The significance of Sale’s $20 million club option for 2025 should not be overlooked. If Sale performs well, the Braves might consider exercising this option. This $20 million figure aligns with Morton's earnings this season, and considering Morton's contemplation of retirement in recent years, Sale could potentially step in as Atlanta’s veteran rotation arm if Morton decides to retire next winter. Notably, Sale’s $20 million club option is a vesting option that becomes guaranteed if he finishes the year healthy and lands in the top 10 in NL Cy Young Award voting.

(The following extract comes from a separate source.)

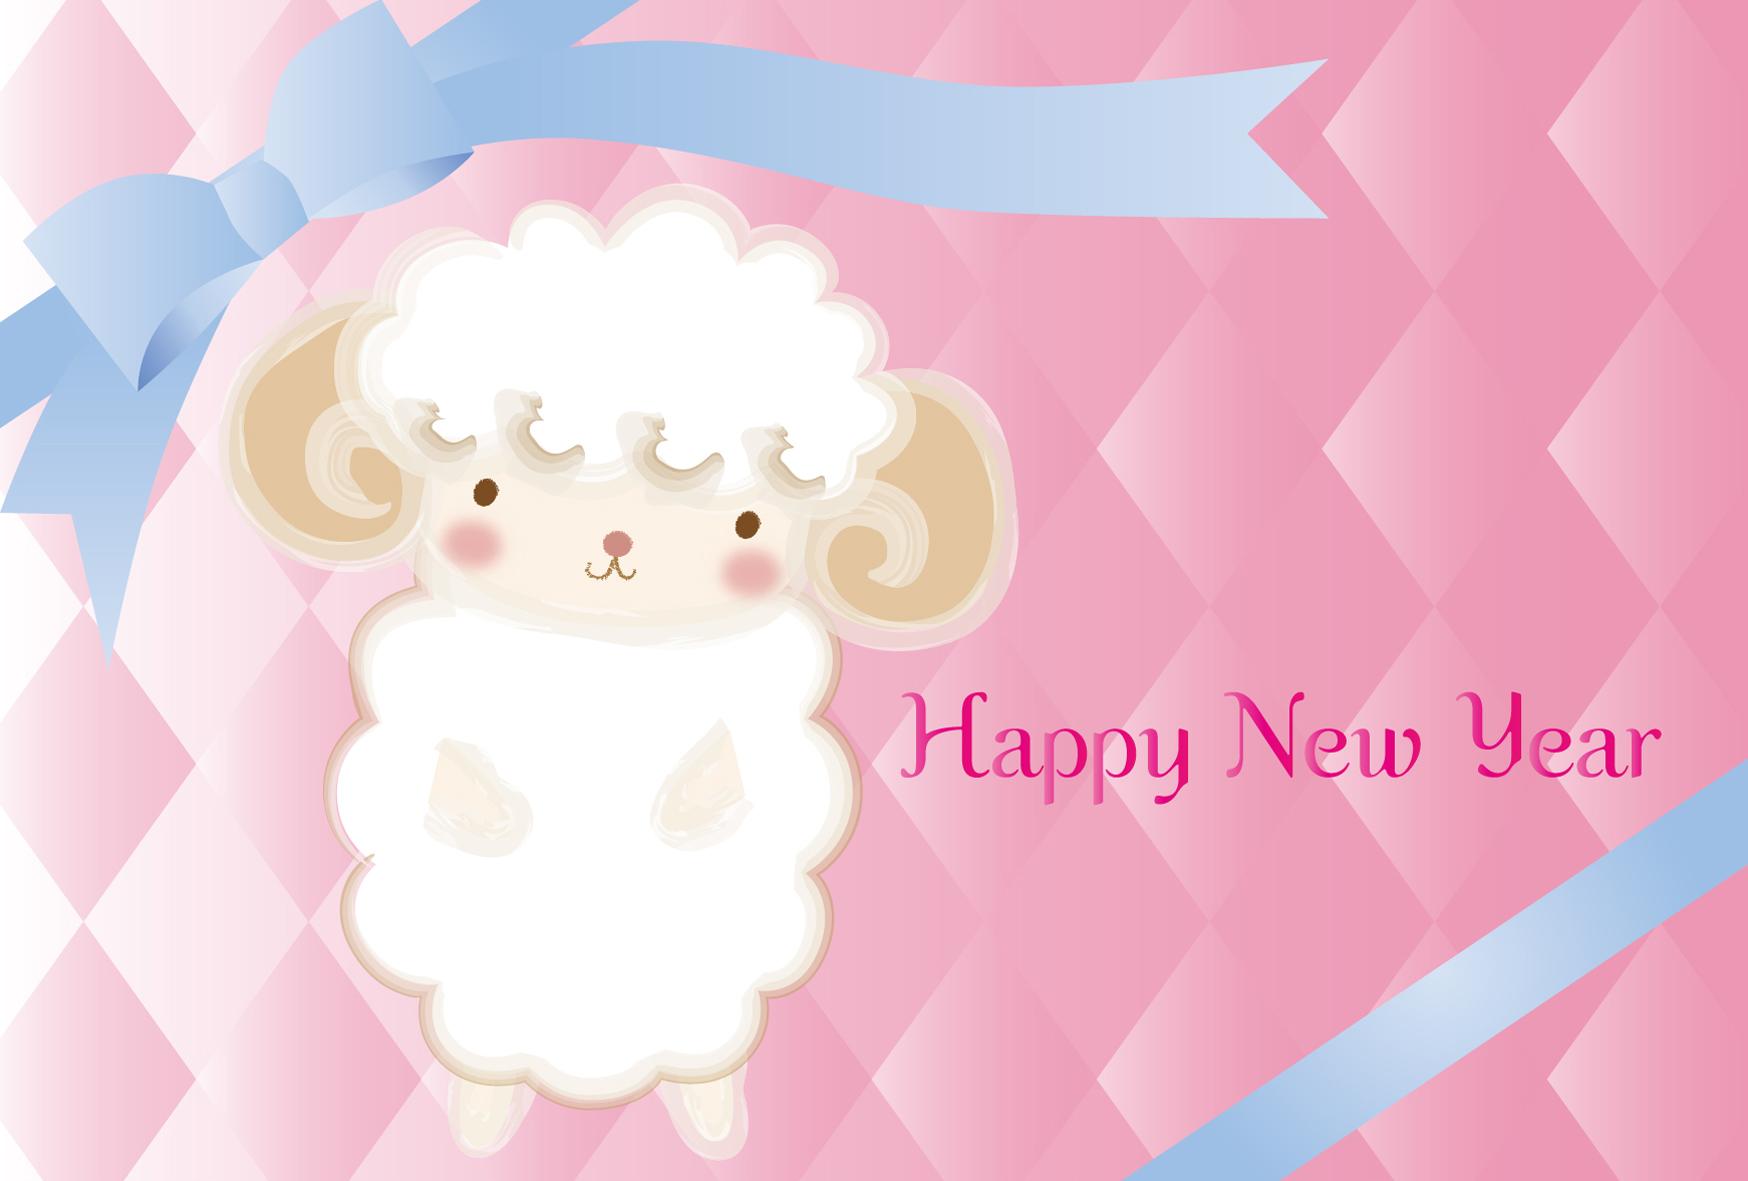 無料】羊イラスト年賀状ピンク色系背景2枚【未年】

Anthopoulos and team chairman Terry McGuirk weren’t kidding last November when they said that the Braves planned to keep increasing payroll. The Braves’ $203 million Opening Day payroll from 2023 was already a club record, and Roster Resource now projects a payroll just shy of $241 million for the 2024 squad. After topping the luxury tax barrier for the first time in 2023, the Braves’ estimated $280 million tax number now soars over the third penalty tier of $277 million, so they’ll face increasingly hefty overages as second-time payors. Passing the third tier means that Atlanta’s top pick in the 2024 draft will now drop 10 spots, and they’ll face the standard tax penalties related to qualified free agents and the international bonus pool.

This doesn’t appear to be much of a deterrent for an Atlanta club that has been swimming in extra revenues since the opening of Truist Park and its neighboring ballpark village project known as The Battery. The Braves have used this money to lock up several members of its roster on contract extensions, and this young core has already delivered the 2021 World Series championships and six straight NL East crowns.

The outlook hasn’t been as rosy at Fenway Park, as the Red Sox have been very inconsistent since that 2018 title. Following consecutive last-place finishes in the AL East, Craig Breslow replaced Chaim Bloom as the team’s chief baseball officer, and Breslow now has his first true blockbuster trade as a front office executive.

Starting pitching has been a known need for the Red Sox all winter, and Boston just signed Lucas Giolito yesterday to help address the rotation mix. While moving Sale diminishes the number of available arms, the trade does free up some money to help make other moves, and the Sox simply might’ve wanted a more reliable starting pitching option than the injury-plagued Sale. Plus, adding six years of team control over a promising player like Grissom is a nice return for the Sox at the cost of $17 million.

Grissom immediately addresses Boston’s need for second base help. Selected in the 11th round of the 2019 draft by Atlanta, Grissom has consistently performed well against minor league pitching during his four seasons in the Braves’ farm system, earning consideration for a big league call-up. In 2022, Grissom posted an impressive .291/.353/.440 slash line over 156 plate appearances, but his production dipped to a more modest .659 OPS in just 80 plate appearances last season. Despite being given an opportunity at the everyday shortstop role, Grissom fell behind Orlando Arcia on the depth chart, leading him to spend most of the season at Triple-A as the Braves aimed to provide him with regular playing time.

While Grissom has primarily played as a shortstop in the minor leagues, there have been questions about his long-term viability at the position. The presence of Ozzie Albies and Austin Riley in the Braves' infield made it challenging for Grissom to secure a spot at second base or third base. As a potential candidate to fill the left field vacancy, Grissom even gained experience as an outfielder. However, the acquisition of Jarred Kelenic from the Mariners appeared to close that door.

In Boston, there are no apparent positional obstacles for Grissom, and he could very well be slotted in as their Opening Day second baseman. His right-handed hitting style aligns with Breslow’s preferences, and Grissom's defensive skills are expected to transition well to the less demanding second base position. With Grissom in the mix, players like Enmanuel Valdez, Pablo Reyes, or Rob Refsnyder may find themselves in backup roles or potentially as trade assets. Additionally, Ceddanne Rafaela now appears more likely to be utilized as an outfielder, and there's even the possibility that he could become a trade candidate himself.